▸ REQUIRED WORK
From the entries below, reproduce exactly the lines from the one with "If you're shooting" through the one with "Indian dancers on", both included, without images.

▸ RECORDS SHOWN
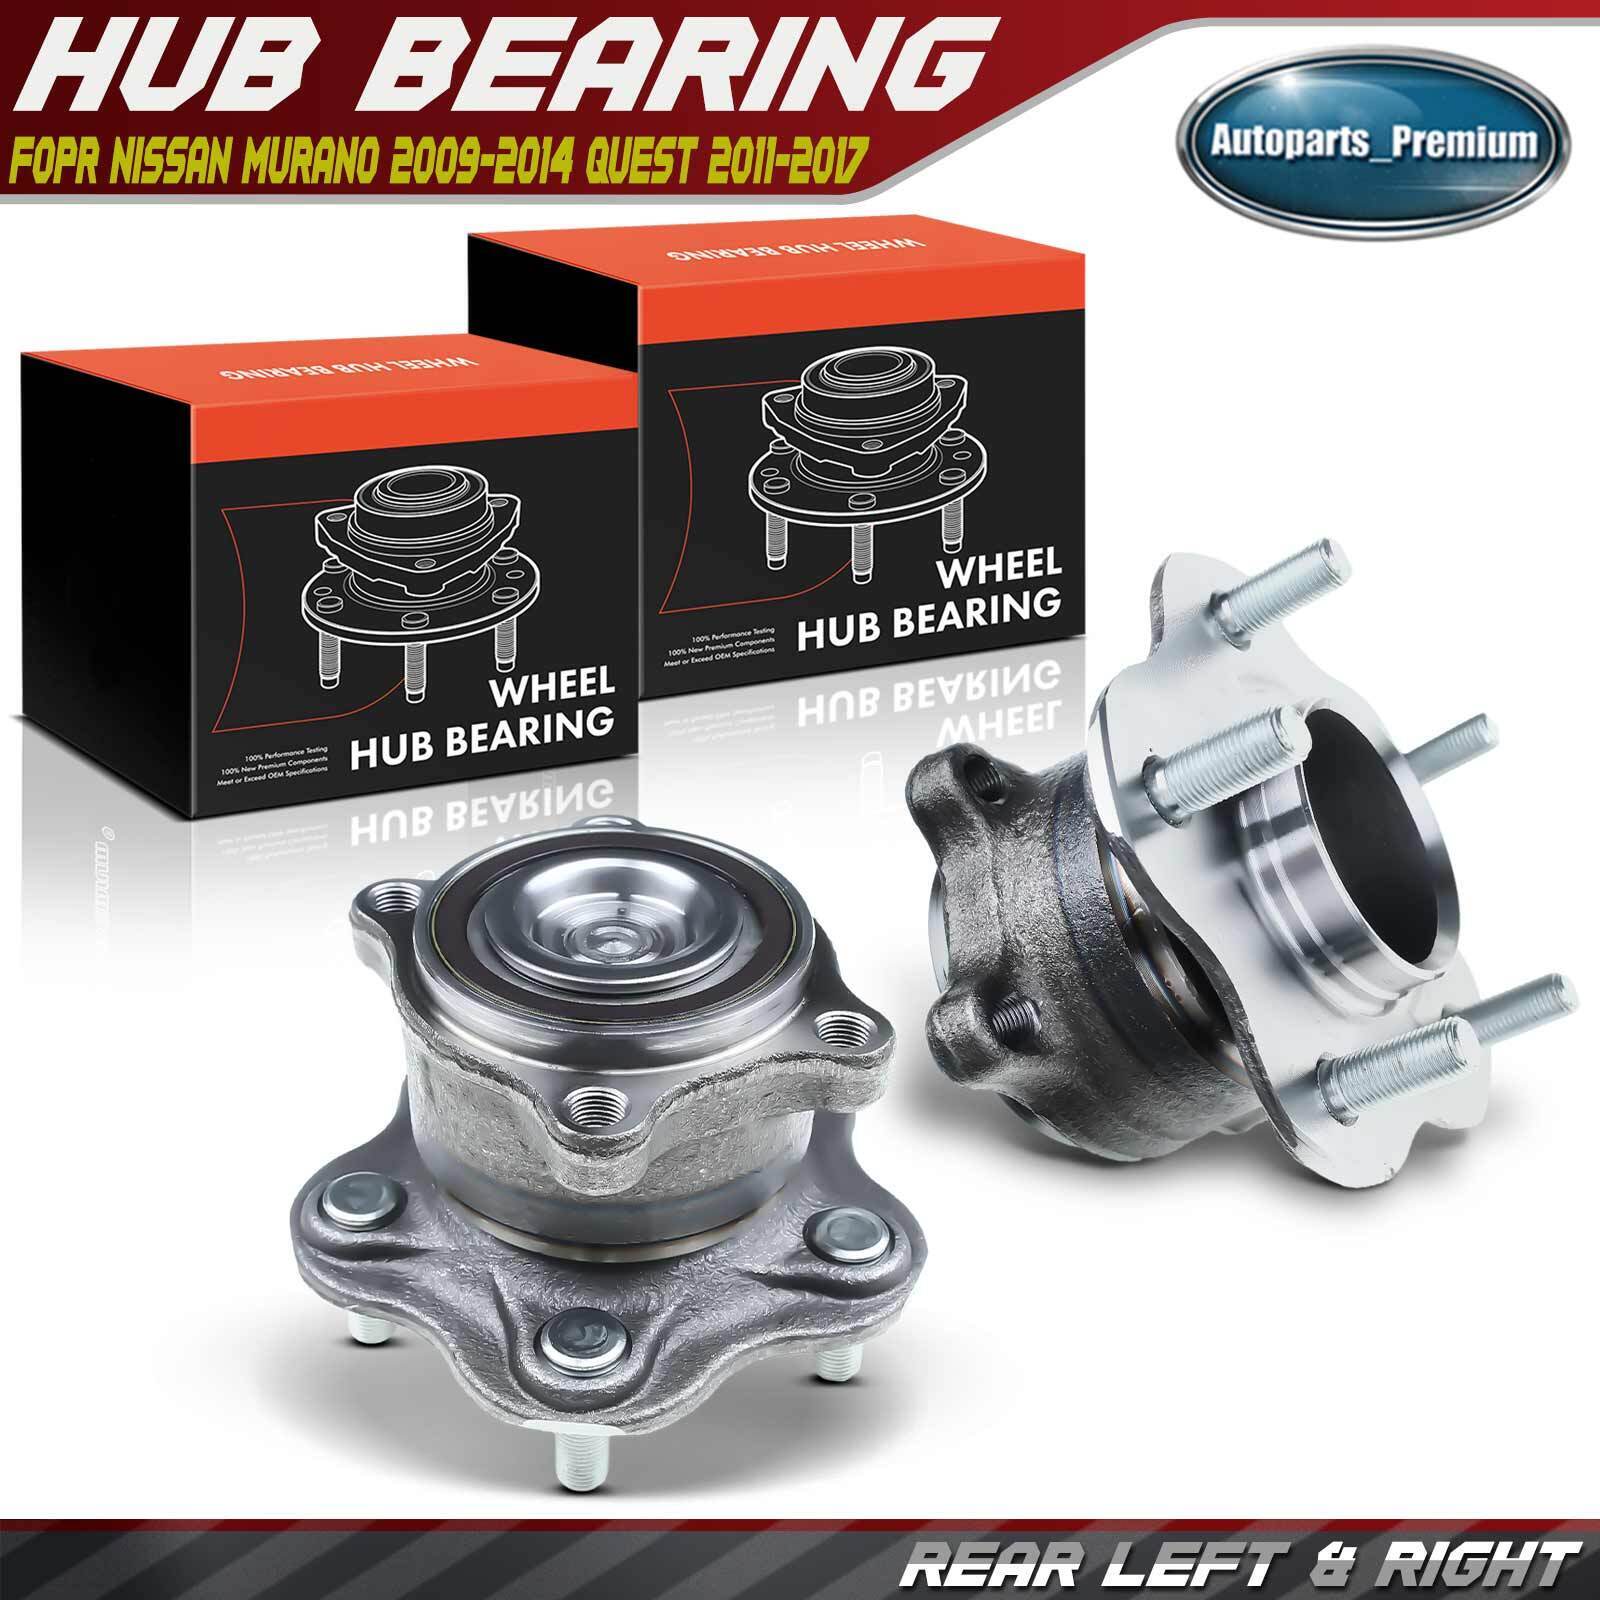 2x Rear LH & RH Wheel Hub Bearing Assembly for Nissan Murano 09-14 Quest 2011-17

---

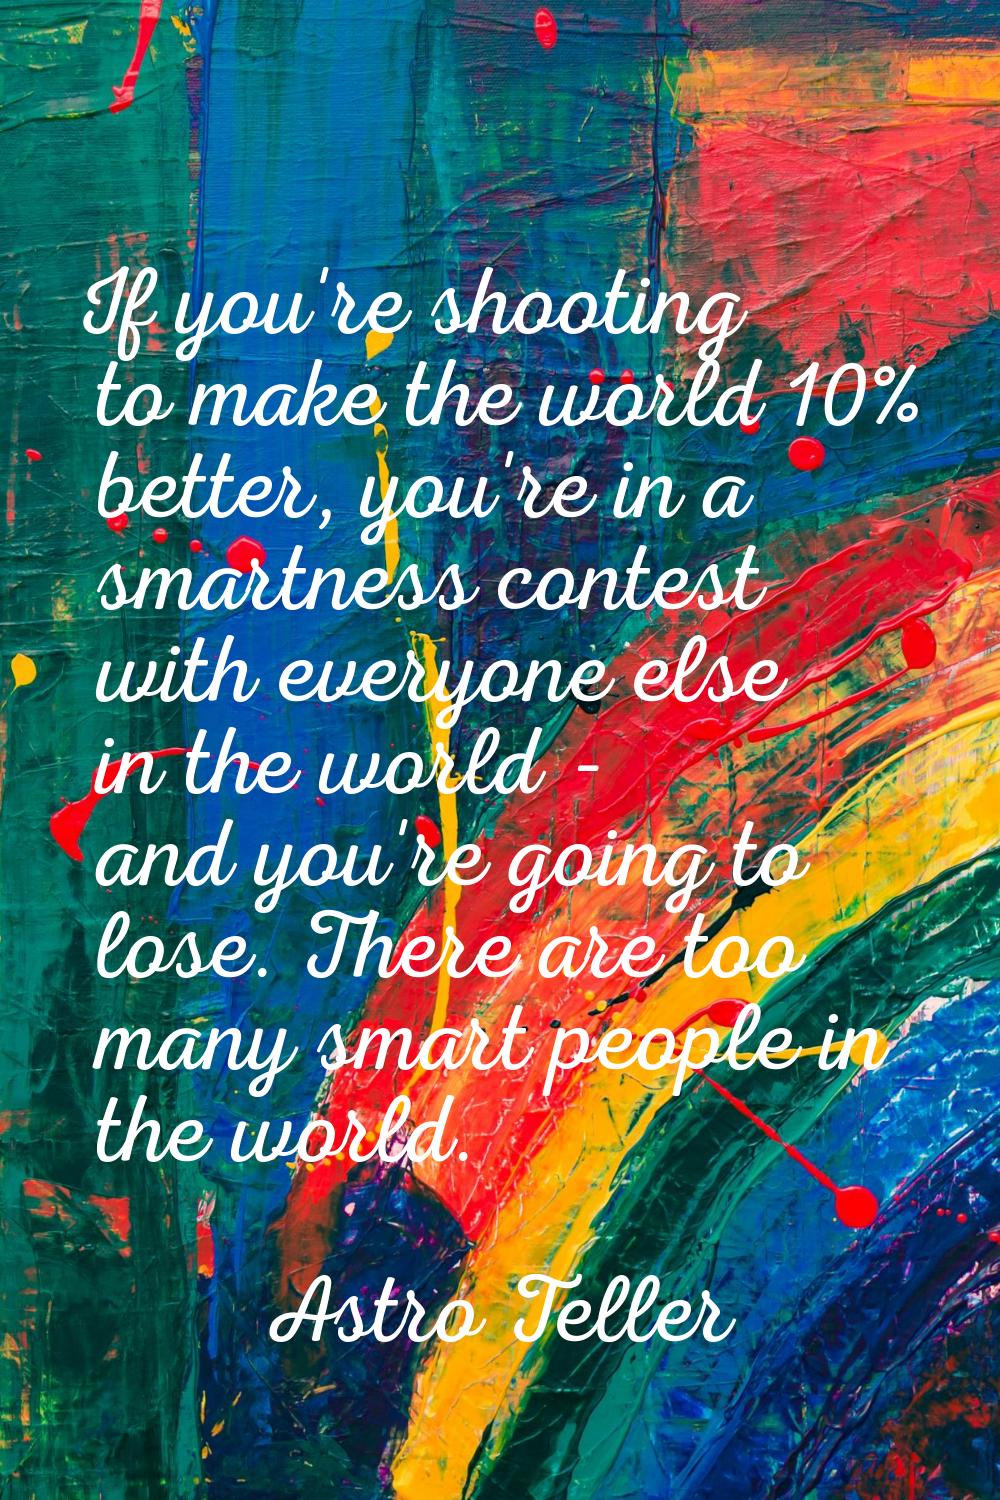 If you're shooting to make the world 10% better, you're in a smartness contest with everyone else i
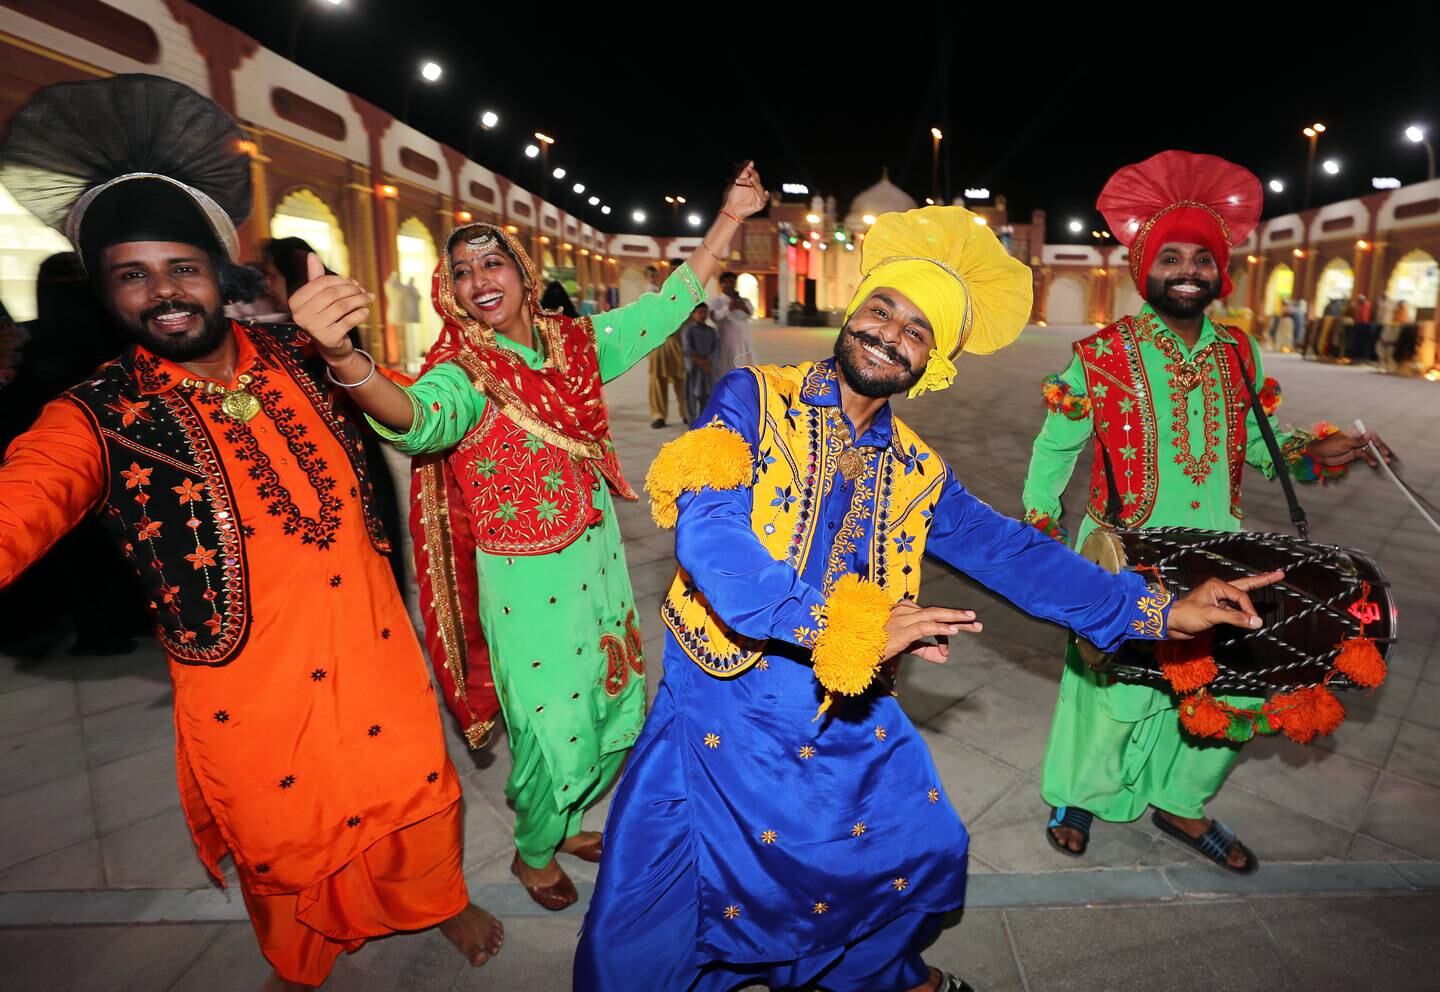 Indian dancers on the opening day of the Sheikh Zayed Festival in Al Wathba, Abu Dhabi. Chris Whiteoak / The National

==

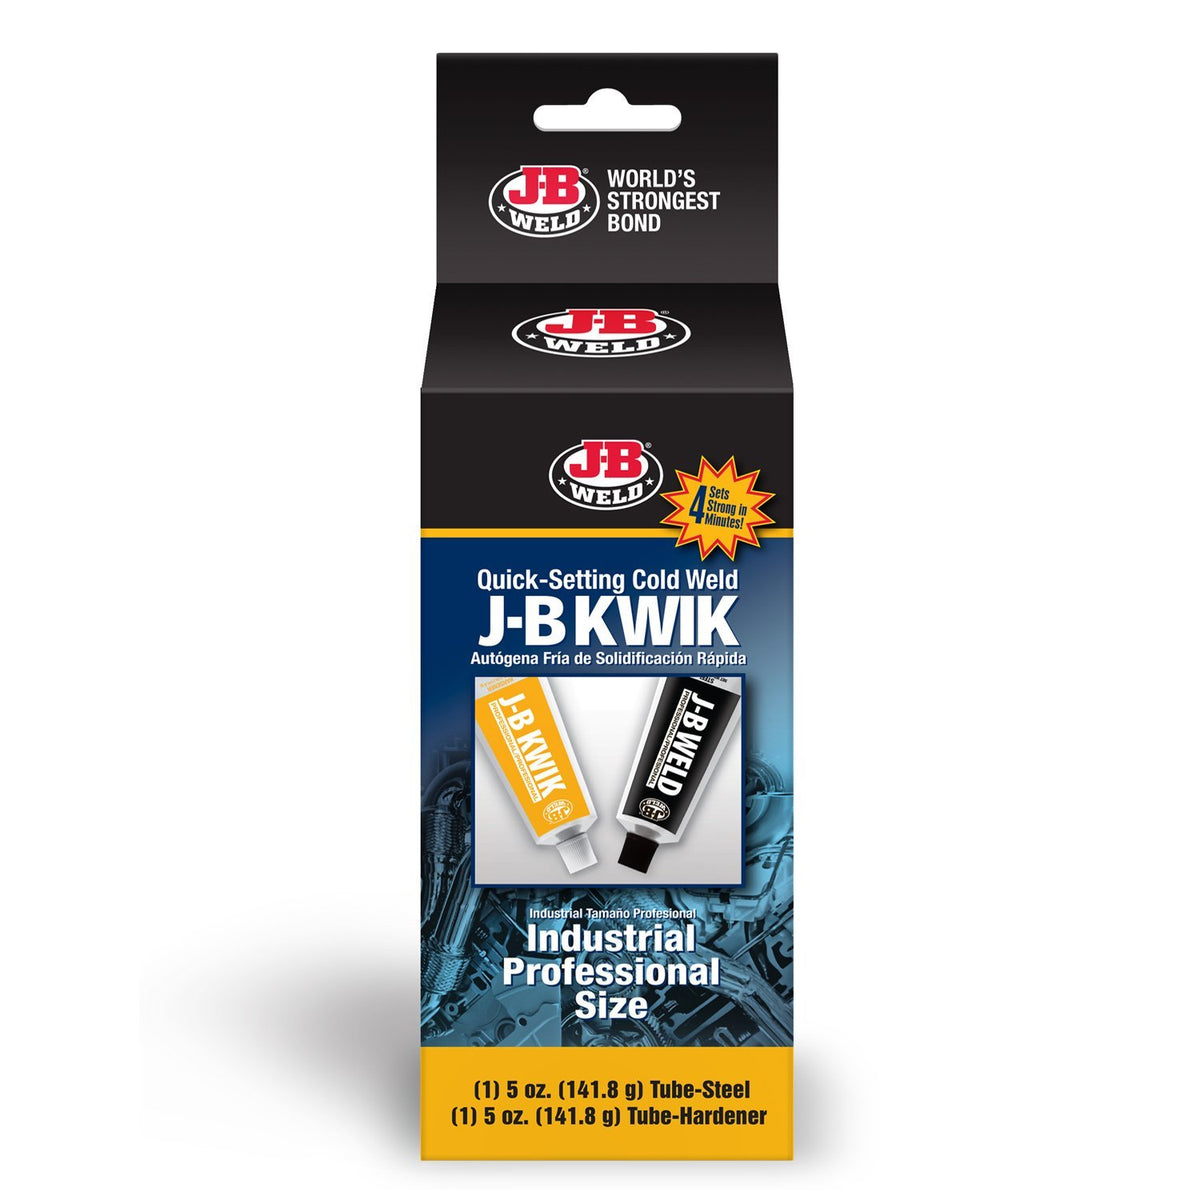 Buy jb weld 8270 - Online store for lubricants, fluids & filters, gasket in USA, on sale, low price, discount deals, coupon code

▸ SOLUTION
 If you're shooting to make the world 10% better, you're in a smartness contest with everyone else i
 Indian dancers on the opening day of the Sheikh Zayed Festival in Al Wathba, Abu Dhabi. Chris Whiteoak / The National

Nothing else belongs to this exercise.